The company unilaterally assessed Claude Mythos's risk level and restricted access without regulatory mandate, external audit, or public input. The organizations in the Glasswing consortium were selected by Anthropic. The criteria for inclusion are not public. The vulnerability data discovered by the model is controlled by Anthropic and its partners.

This is not inherently wrong — Anthropic built the model and has the legal right to control its distribution. But it reveals the absence of any institutional framework for making these decisions. If OpenAI or Google builds a model with similar capabilities next month, they will face the same choice: release, restrict, or destroy. And they will make that choice based on their own internal assessment, with their own criteria, selecting their own list of privileged partners.

The AI governance community has been debating these scenarios for years. Claude Mythos is the first time those debates have become operational.

Personal Take

I respect the decision. Building something powerful and choosing not to deploy it broadly is one of the hardest calls in technology. Anthropic is forgoing significant revenue from a model that clearly demonstrates frontier capabilities.

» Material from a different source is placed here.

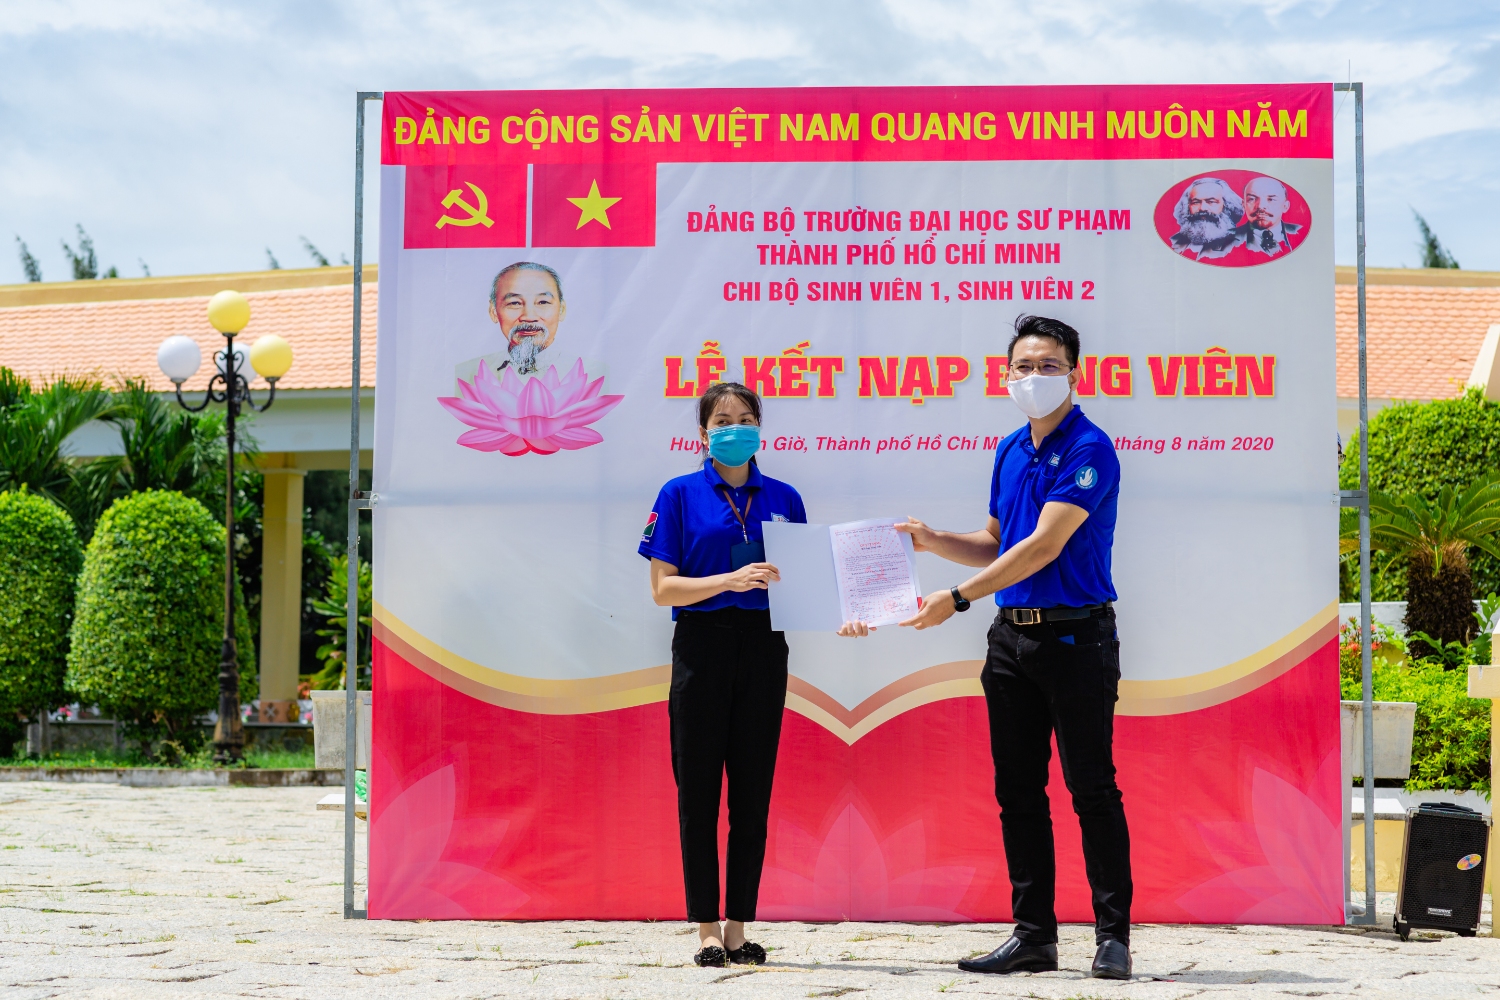 Đồng chí Lâm Thanh Minh - Bí thư Chi bộ Sinh viên 2 trao quyết định kết nạp Đảng viên mới cho quần chúng được kết nạp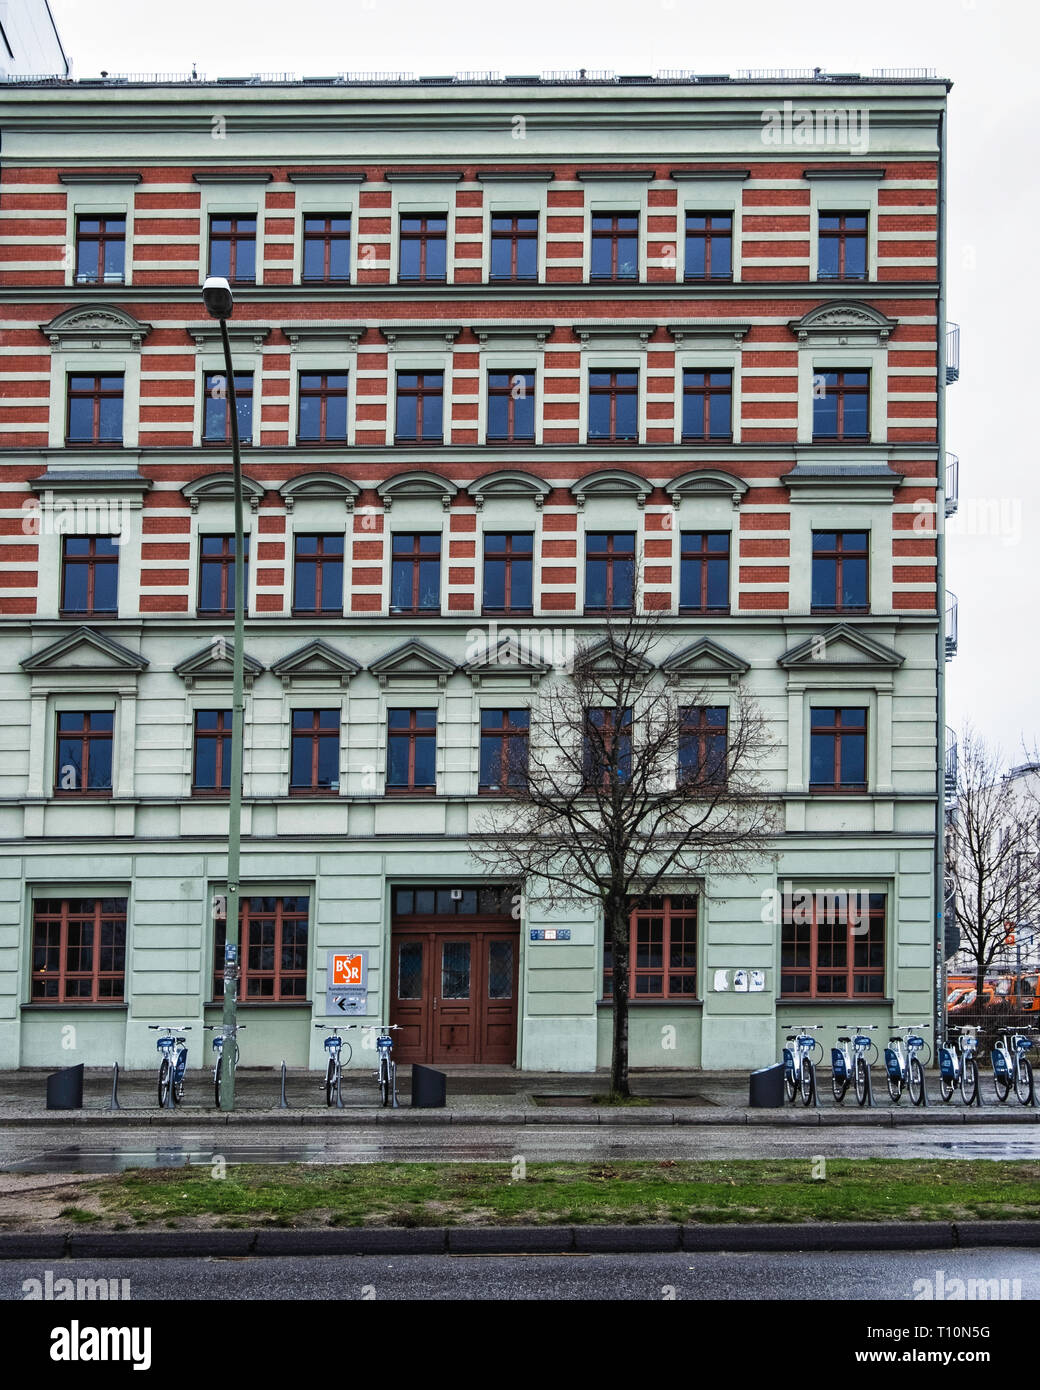 Berlin-Friedrichshain die Berliner Stadtreinigung (BSR), City Reinigung Firma Gebäude. Außen & Fassade. Stockfoto

But the execution raises concerns. The Glasswing consortium is overwhelmingly composed of large corporations and established institutions. The open-source projects and smaller organizations that are arguably most vulnerable to the types of attacks Mythos could enable are represented only indirectly through the Linux Foundation's involvement.

The model found a 27-year-old bug in OpenBSD. That means OpenBSD users have been running vulnerable systems for 27 years. Mythos found it — and the fix will flow through a controlled consortium process rather than a public disclosure timeline. That creates a window where Anthropic and its partners know about the vulnerability but the broader community does not.

This is the fundamental tension of the "responsible restriction" approach: protection through controlled access necessarily creates information asymmetry. And information asymmetry in security has historically been easier to exploit than to defend.

The next step I want to see: Anthropic publishing a transparent timeline for vulnerability disclosure to the broader community. Not immediate — reasonable remediation windows are standard practice in security research. But a commitment that the bugs Mythos finds will eventually be publicly documented and broadly patched, not just quietly fixed within the consortium.

Build responsibly. Disclose responsibly. Those should not be competing priorities.